▶ **ASSIGNED TASK**
Going from the top of the listing below to the line that holds "Former Celtic star", reproduce each line exactly; no pictures.

▶ **DATASET CONTENT**
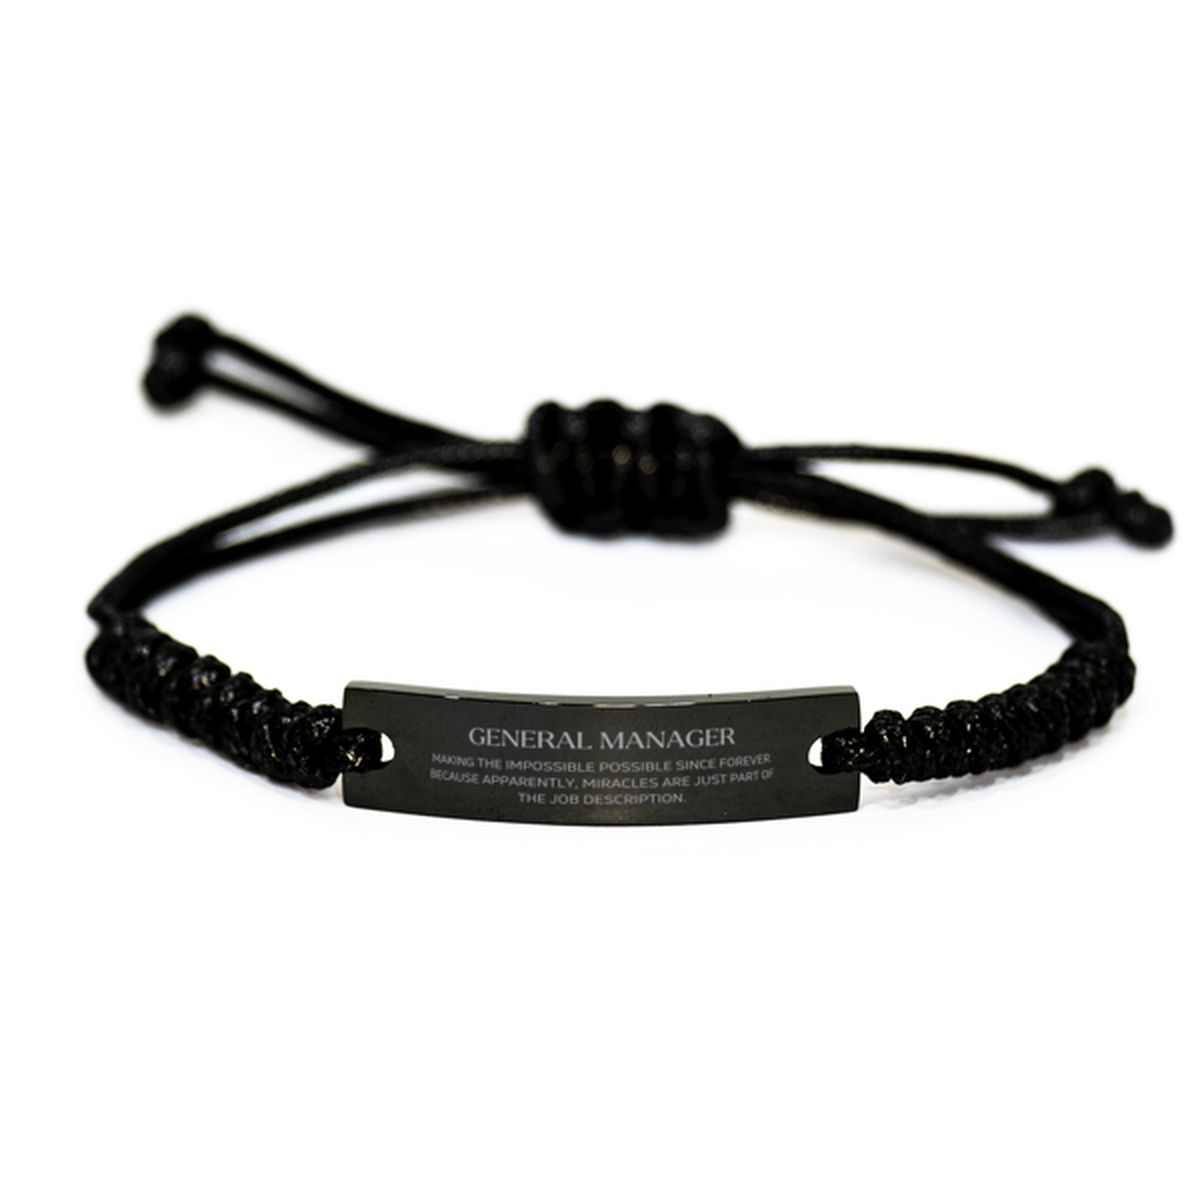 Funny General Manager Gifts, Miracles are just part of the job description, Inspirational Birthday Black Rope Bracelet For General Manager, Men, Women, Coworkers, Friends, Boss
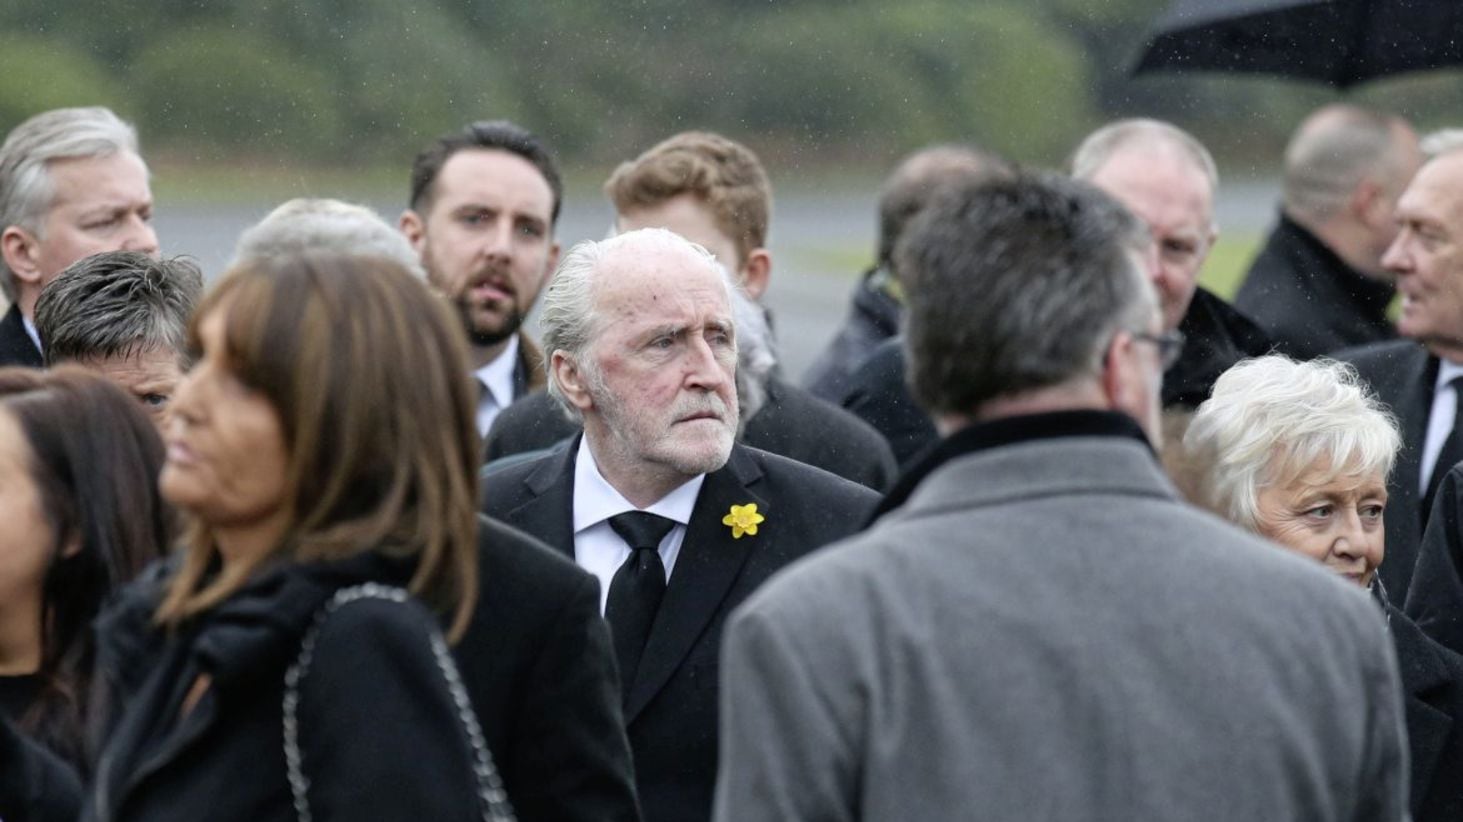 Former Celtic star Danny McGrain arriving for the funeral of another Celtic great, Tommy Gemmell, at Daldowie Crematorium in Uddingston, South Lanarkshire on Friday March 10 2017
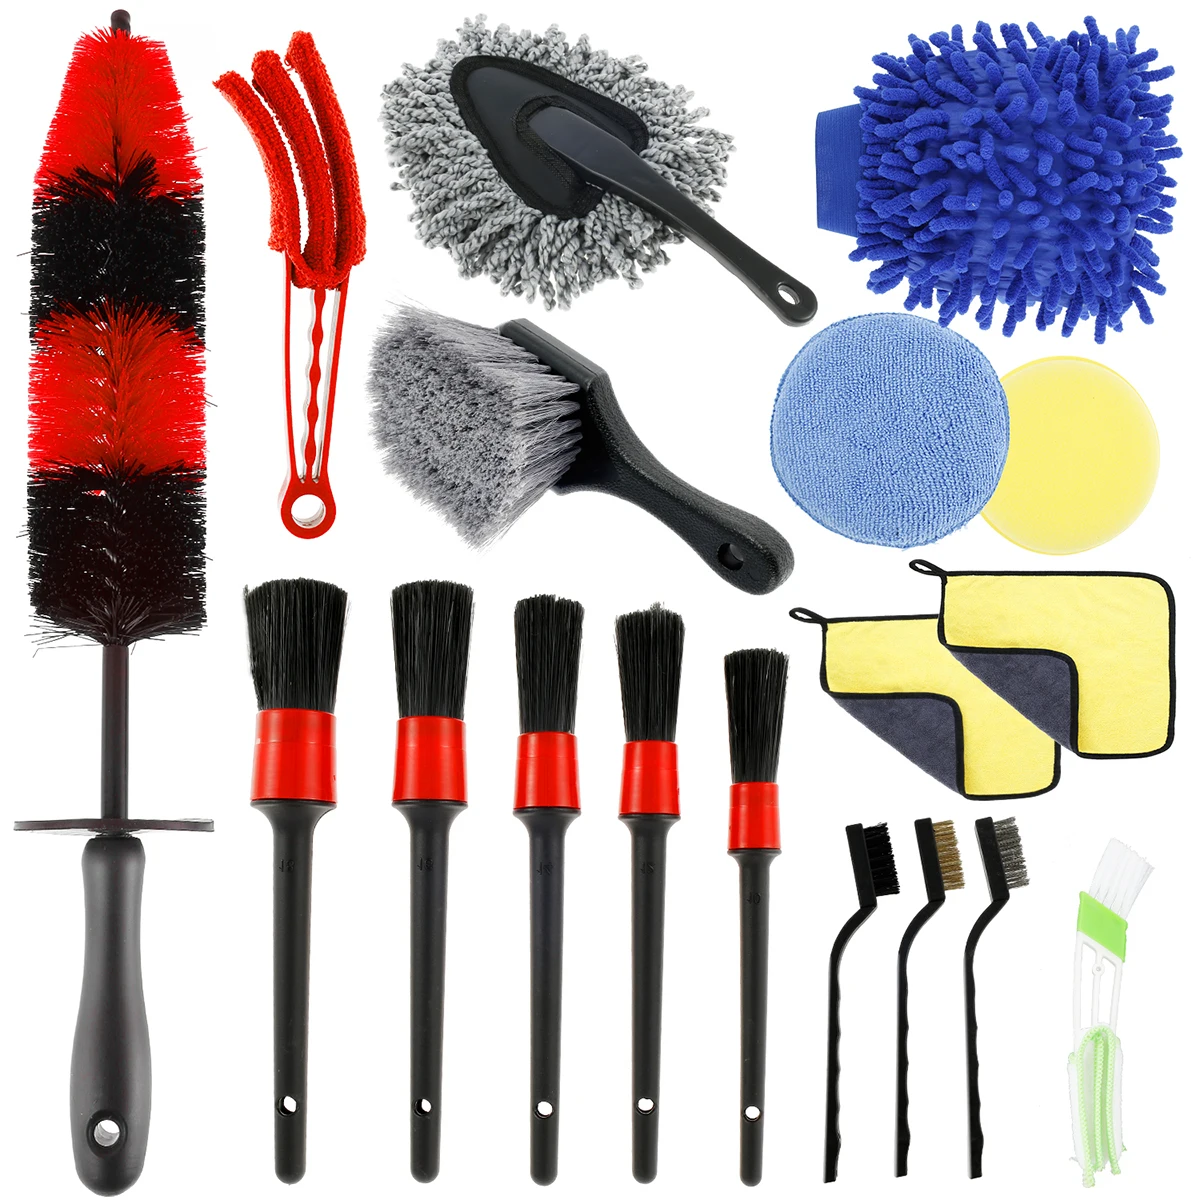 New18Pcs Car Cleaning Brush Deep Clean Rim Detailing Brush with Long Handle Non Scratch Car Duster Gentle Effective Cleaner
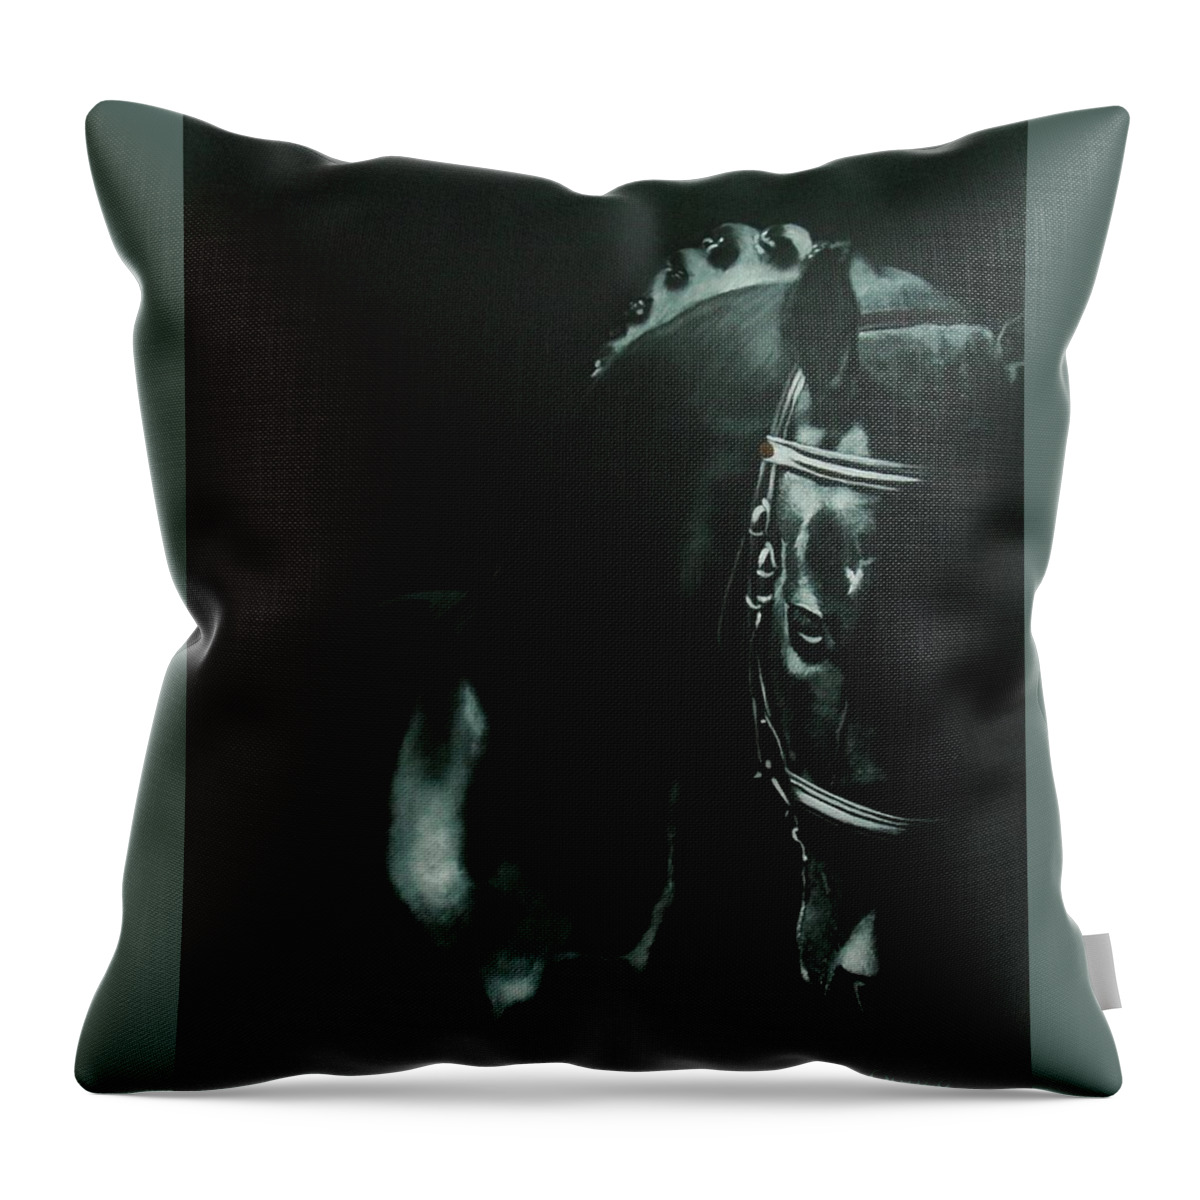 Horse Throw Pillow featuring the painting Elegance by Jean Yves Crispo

▶ **TASK RESPONSE**
 Funny General Manager Gifts, Miracles are just part of the job description, Inspirational Birthday Black Rope Bracelet For General Manager, Men, Women, Coworkers, Friends, Boss
 Former Celtic star Danny McGrain arriving for the funeral of another Celtic great, Tommy Gemmell, at Daldowie Crematorium in Uddingston, South Lanarkshire on Friday March 10 2017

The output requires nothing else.